That done, we entered one end of the part of town that was closed off for the festival. The first thing we came across, was a children's dance class where the dancers were of varying ages and doing traditional Mexican dances if full historic costumes. It was a fun show to watch a bit.
Strolling down the walk, What we saw, was a lot of booths side by side, each one belonging to a different tamale kitchen. The people in them were pulling tamales out of warmers, and serving up to the customers. There was a couple of booths that gave information and directions. They took your money for a packet of coupons. Every tamale being sold cost two tickets and you could buy any number of tickets with a discount for a packet of 10 or twenty. This kept the sellers from having to deal with money.
There were more varieties of tamale than I could imagine. Veggie, pork, beef, lamb, chicken, seafood, and then, pineapple, strawberry and many others. There is a basic contest between the vendors for the best tamales. A cheat sheet told you which vendors had what to offer, and the nice people at the front booth told us who were the winners from the previous year.

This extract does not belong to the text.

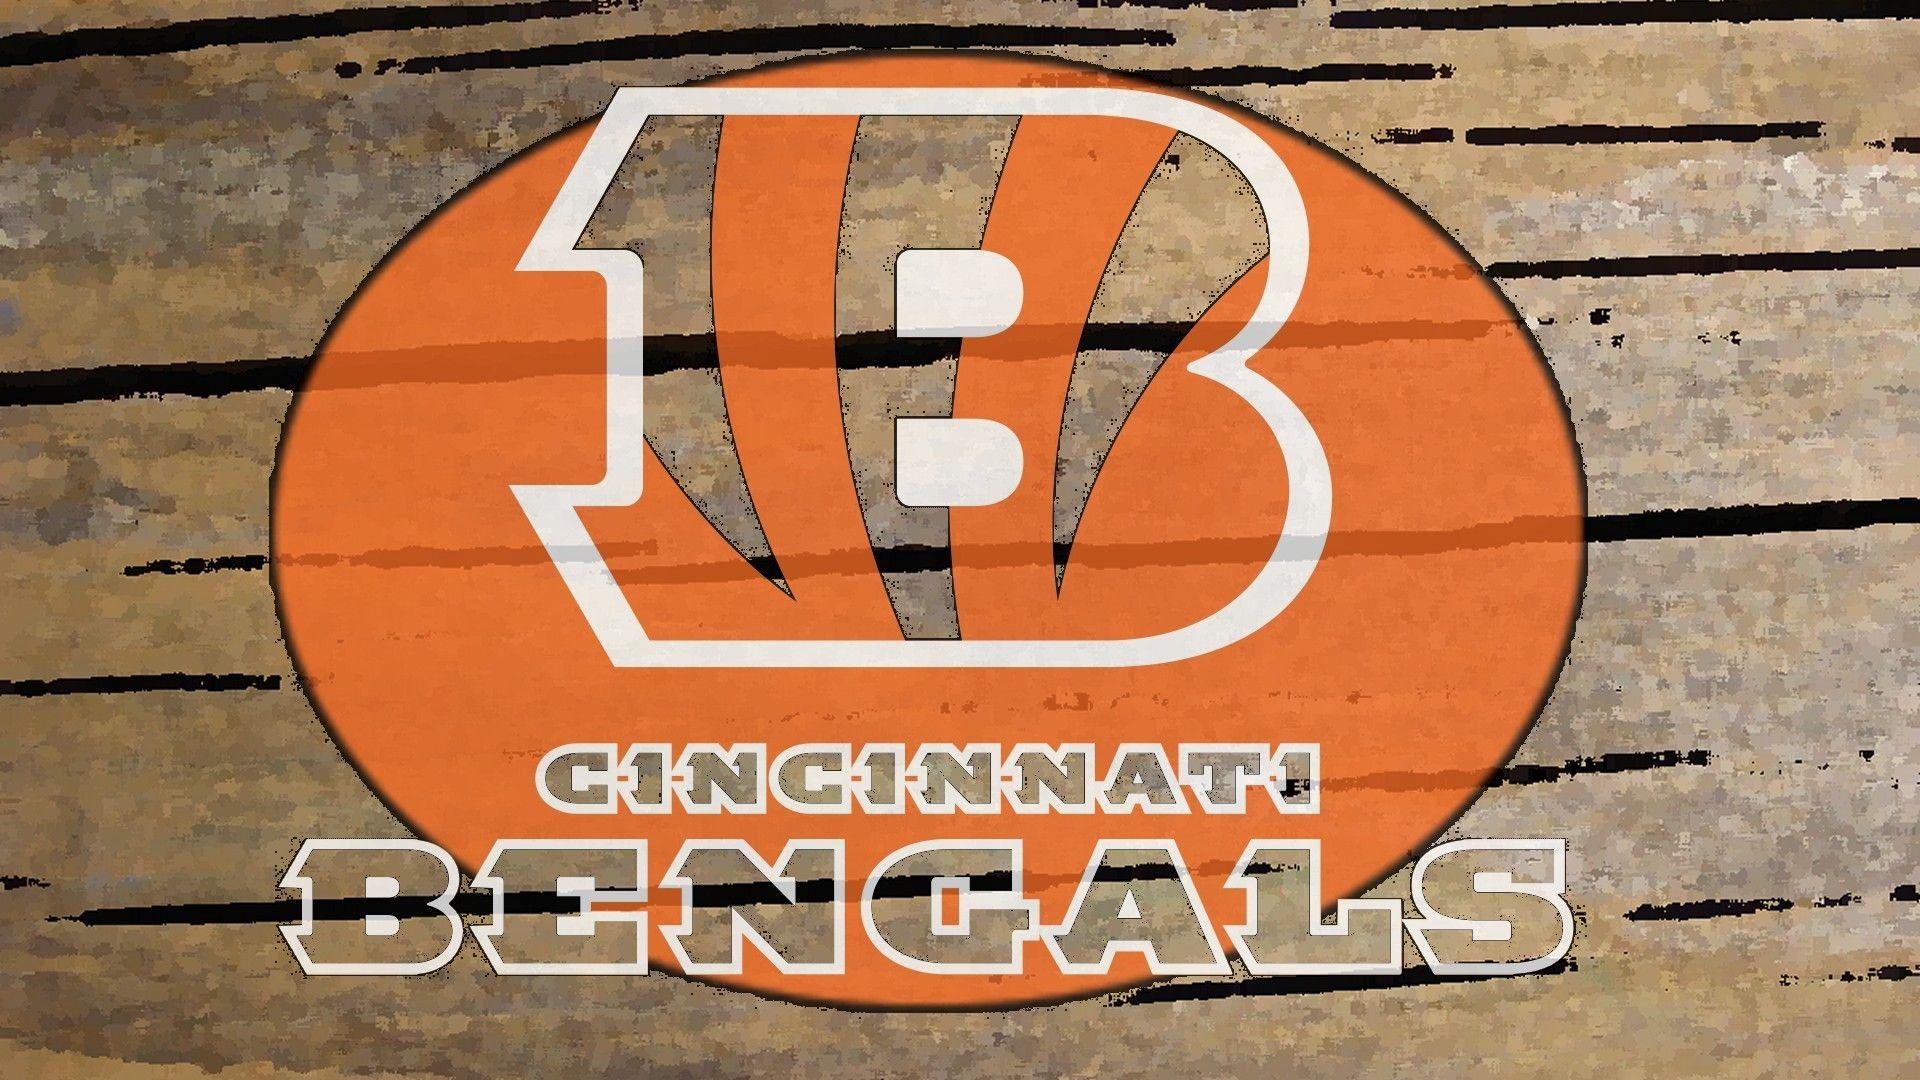 Cincinnati Bengals Hd Wallpaper Download

I'm not a big tamale person. I don't care for the corn meal casing. That said, I had quite a few different tamales, and though it wasn't the best food adventure ever, I did enjoy them all.
We met our other friends and walked around and saw what there was to see. On the opposite end from where we came in, they had a stage with a local band playing some rocking country music.
On our way out, we watched the kids dancing again and then started the long drive home. I would love to do this sort of thing again.